The involvement of lysosomes in cellular death has recently been revisited, and a more active role for this organelle has been proposed. The main drive for this re-evaluation has been the recent advances in our understanding of one of the basic lysosomal functions: autophagy, or the self-digestion of intracellular components by lysosomes. In contrast to the “passive” role in cell death in which lysosomes are merely the carriers of the damaging enzymes that are released into the cytosol, in recent years a direct contribution of lysosomes as intact and properly functioning organelles to cell death has been proposed. The concept of autophagic cell death, however, is not new for cell death researchers.

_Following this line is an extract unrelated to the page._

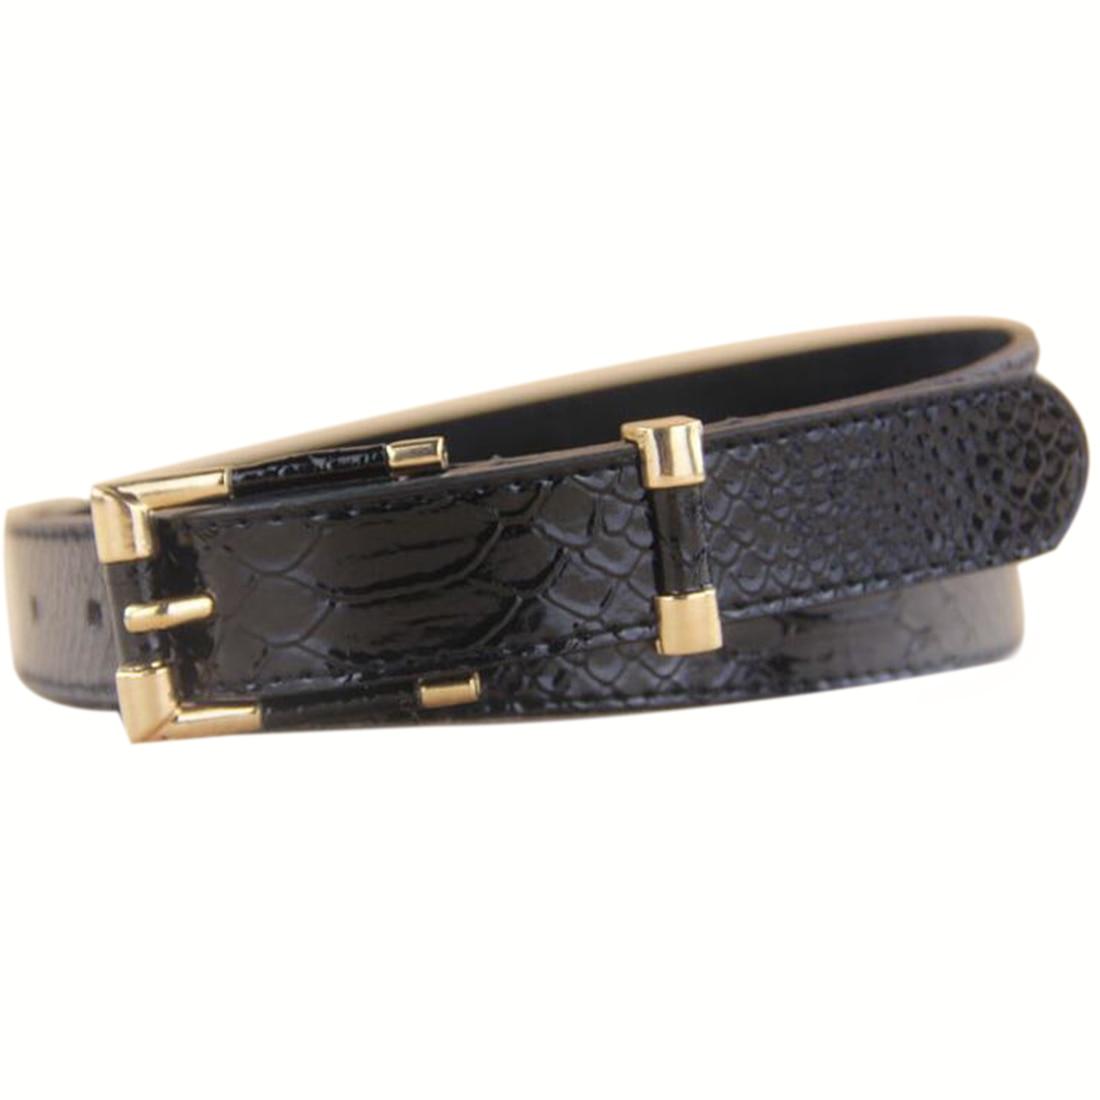 JIMMYHANK Women Belts Crocodile Punk Thin Waist Belt Black Red Trench Female Genuine Leather Strap Buckle Waistband

In fact, this term has been extensively used in the classification of programmed cell death types based on morphological features (Figure 7-1). Thus, whereas in cell death type I or apoptotic cell death, the signature features are condensation of the nucleus and cytoplasm, DNA fragmentation, and early collapse of cytoskeletal elements, but preservation of organelles until late stages, the term cell death type II, or autophagic cell death, has been reserved for dying cells in which the presence of autophagosomes and autophagolysosomes – vesicular compartments related to autophagy – are the predominant morphological feature. In this case, early degradation of organelles but preservation of cytoskeletal elements until late stages are the signature features.

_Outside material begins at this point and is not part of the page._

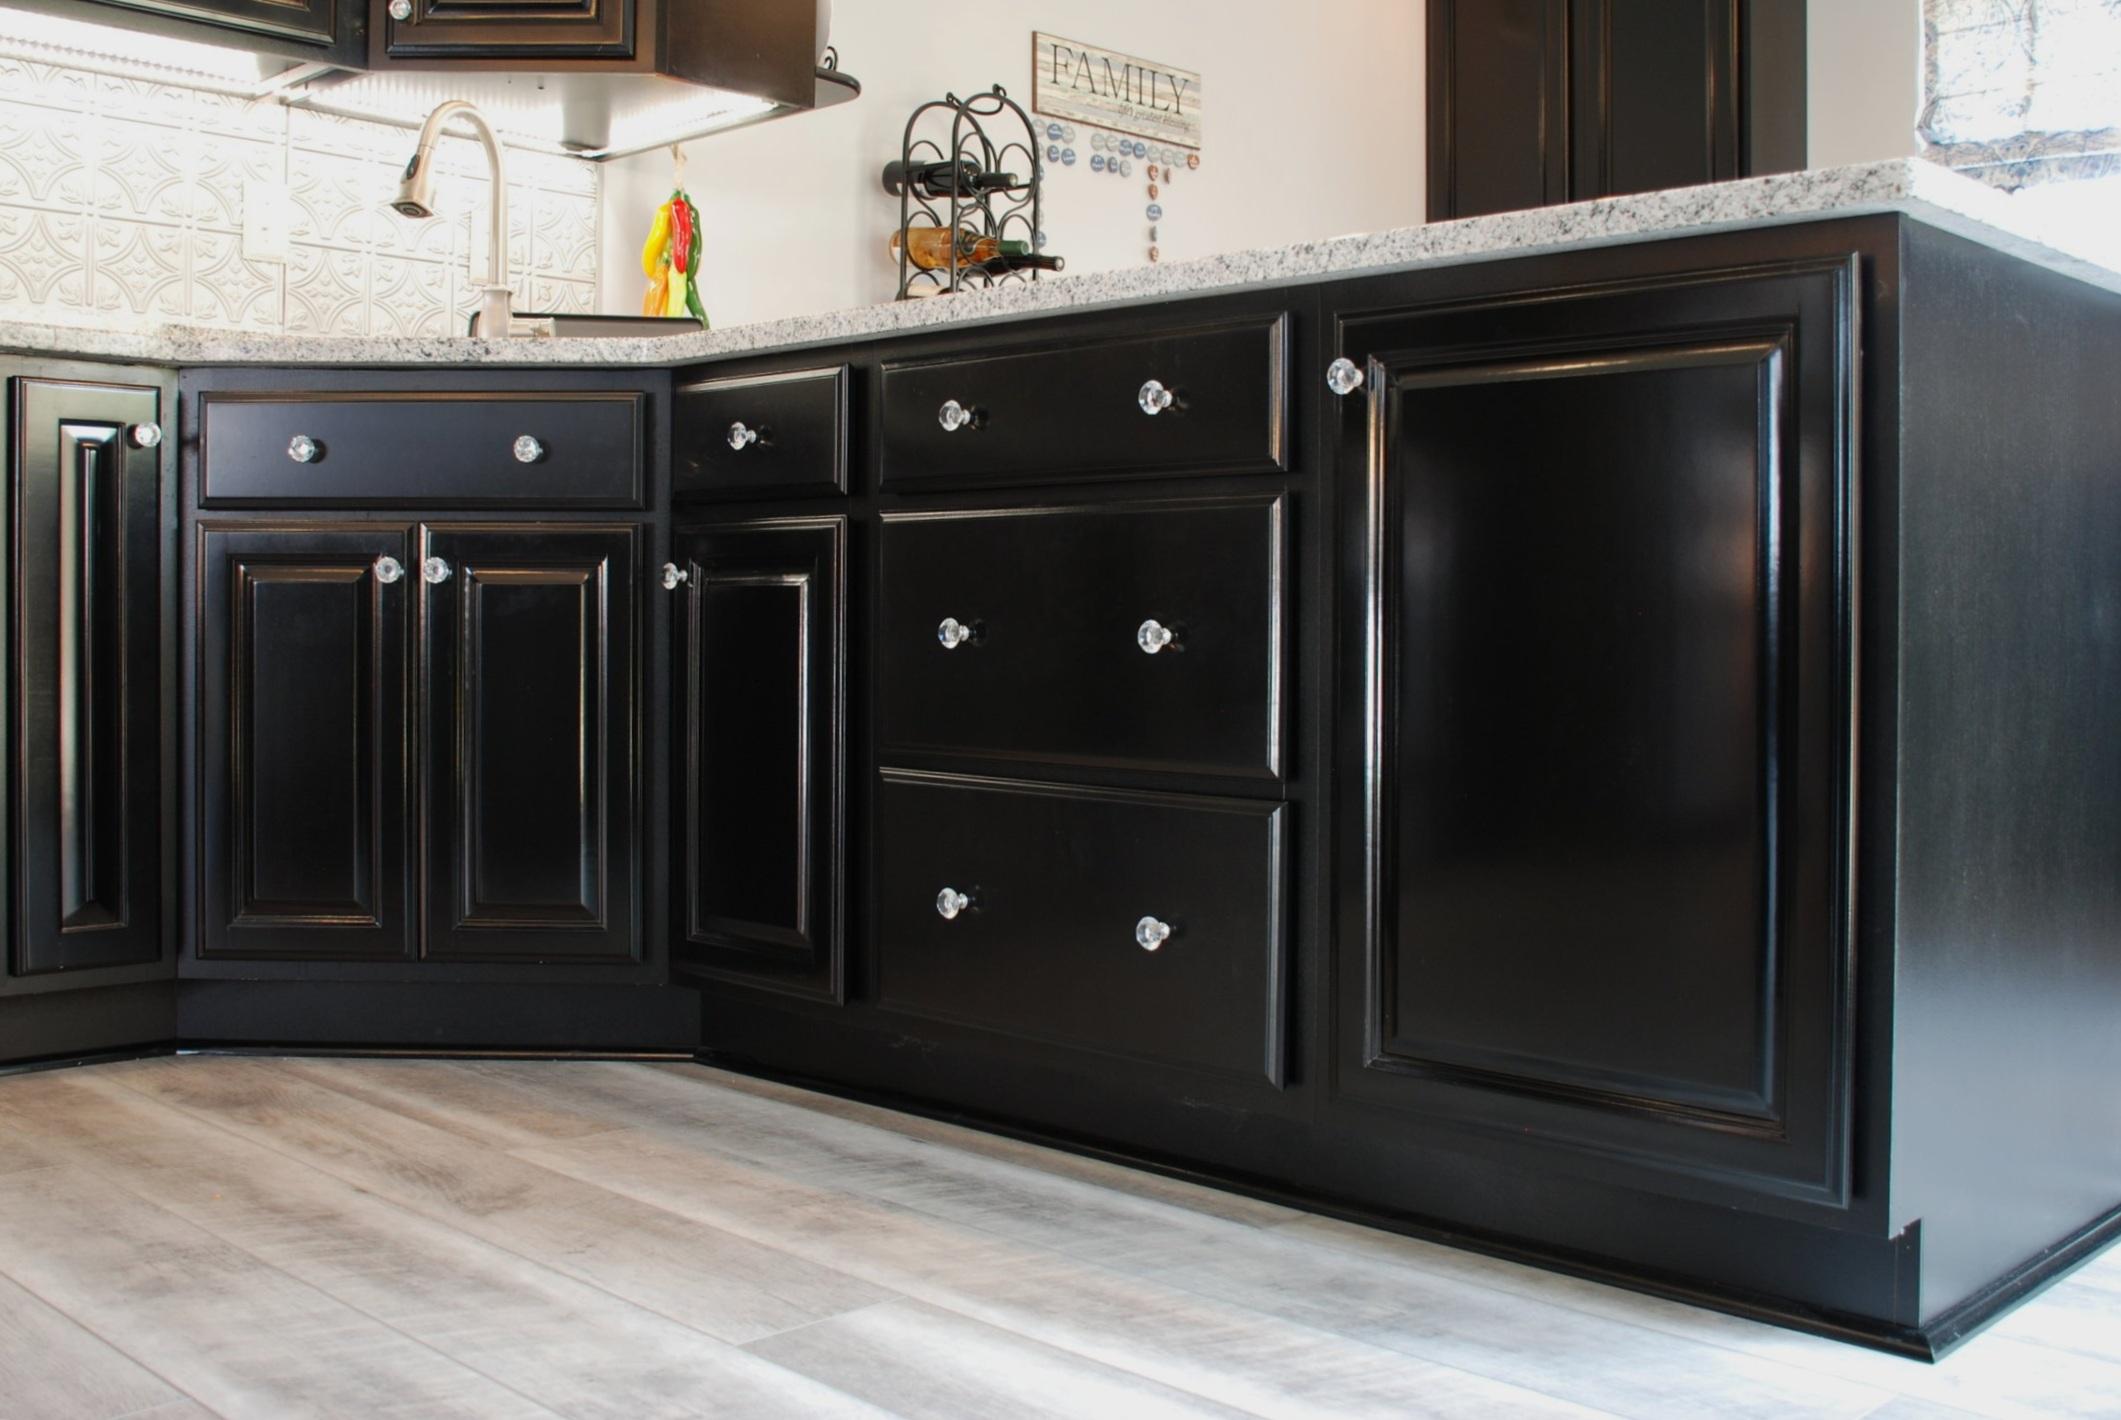 Kitchen Cabinet Refinishing Process West Interior Services

This connection between autophagy and cell death has come more as a shock to autophagy researchers, because most studies support a role for autophagy in sustaining cell survival. In this chapter we review some of the recent advances in the understanding of autophagy resulting from the better molecular characterization of this pathway and how the ability to genetically and pharmacologically modulate this lysosomal pathway has shed light on this apparent paradox.
2. AUTOPHAGY
Degradation of intracellular components is essential for maintenance of cellular homeostasis, continuous renewal of the proteome and organelles, removal of damaged cellular constituents, and the cellular response to environmental stressors. Two major proteolytic systems participate in intracellular protein clearance: (1) the ubiquitin/proteasome system, and (2) the lysosome. This degradation of intracellular proteins and organelles within lysosomes is called autophagy, a process conserved from yeast to mammalian cells.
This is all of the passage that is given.